Evitando entrar en antiguas polémicas, como la que mantuvo el pasado septiembre con su compatriota Silvio Rodríguez, quien criticó su condena al maltrato ejercido por el Gobierno cubano contra el grupo disidente Damas de Blanco, Milanés señala en una entrevista con Efe que prefiere hablar de la espiritualidad, el amor o la poesía.

Temas que ha vuelto a abordar en su música una vez recuperado de las operaciones relacionadas con su prótesis de cadera a las que se sometió en 2002 y 2003. "Soy diabético e hipertenso, pero cuidándote se puede llevar una vida normal", señala.

Miembro de la nueva trova cubana y simpatizante del régimen castrista, Milanés lamenta la "situación crítica" que atraviesa el planeta, del que "trata de rescatar todo lo hermoso que queda en el ser humano" para plasmarlo en "Apocalipsis" uno de los temas en los que trabaja actualmente.

En este sentido, considera que su próximo disco terminará siendo, como todos los demás, "una crónica" de todo lo que sucede a su alrededor, captada desde la "pequeña maquinita" que utiliza a la hora de componer.

"Me levanto a esperar a que la musa baje y si no la bajo yo", bromea el autor de clásicos como "Yolanda" o "Para vivir", cuya presencia en Miami el pasado agosto se tradujo en varias protestas convocadas por grupos de exiliados cubanos.

Siguiendo esta rutina de trabajo a la que ha añadido las tareas de dirección y arreglos, Milanés ha producido una serie de canciones que se mueven entre el "filin" de sus inicios y las incursiones en el jazz que ha practicado en los últimos tiempos.

"No voy a variar las temáticas, hablaré un poquito de todo", afirma de un trabajo que espera tener terminado para mediados de año, el cual contendrá arreglos de la música popular cubana y el aire renacentista del que ha hecho gala en entregas anteriores.

Antes, Pablo Milanés, que en julio actuó en los Veranos de la Villa de Madrid, visitará España protagonizando un reencuentro con unos espectadores que conoce "desde hace más de treinta años" y le aporta "una satisfacción tremenda".

De este país destaca la variedad de pueblos y ciudades que disfruta siguiendo sus propios recorridos. "Ese es el principal sentido de mis actuaciones, visitar a los públicos y meterme en lugares intrincados", confiesa.

Convencido de que los sentimientos de las personas son universales, asegura que le divierte ver que las emociones que se desatan entre los espectadores y él son iguales "en el Olimpia de París, cualquier teatro de Londrés o Nueva York".
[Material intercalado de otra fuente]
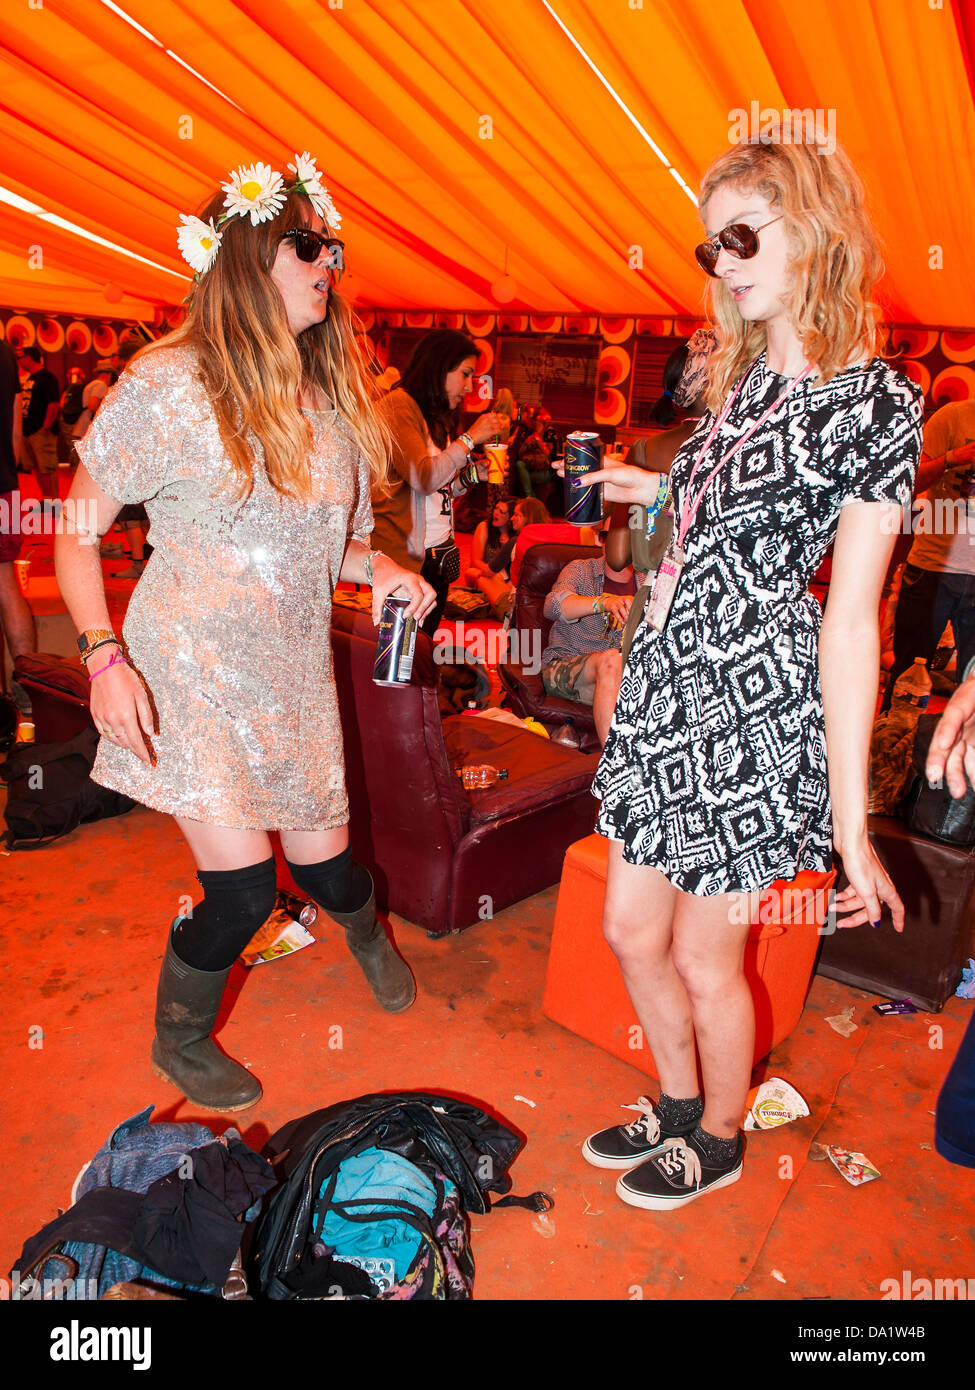 Dancing at lunchtime in the orange tent of the Beat Hotel. The 2013 Glastonbury Festival, Worthy Farm, Glastonbury. 30 June 2013 Stock Photo

Una sensación que pudo confirmar la semana pasada cuando viajó por el desierto de Antofagasta, situado en el norte de Chile, y los Andes chilenos, donde cantó en un "festival preciosísimo".

Conocido por sus numerosas colaboraciones, tanto con artistas noveles como consagrados, Milanés reconoce que hoy en día está "un poquito agotado" y prefiere trabajar únicamente en su propia obra.

Dirigiéndose a la industria musical, pide que "la calidad retorne en todos los sentidos" y confía en que existen "inteligencia y talento de sobra" como para que "independientemente de la fama que alcance, un artista tenga calidad".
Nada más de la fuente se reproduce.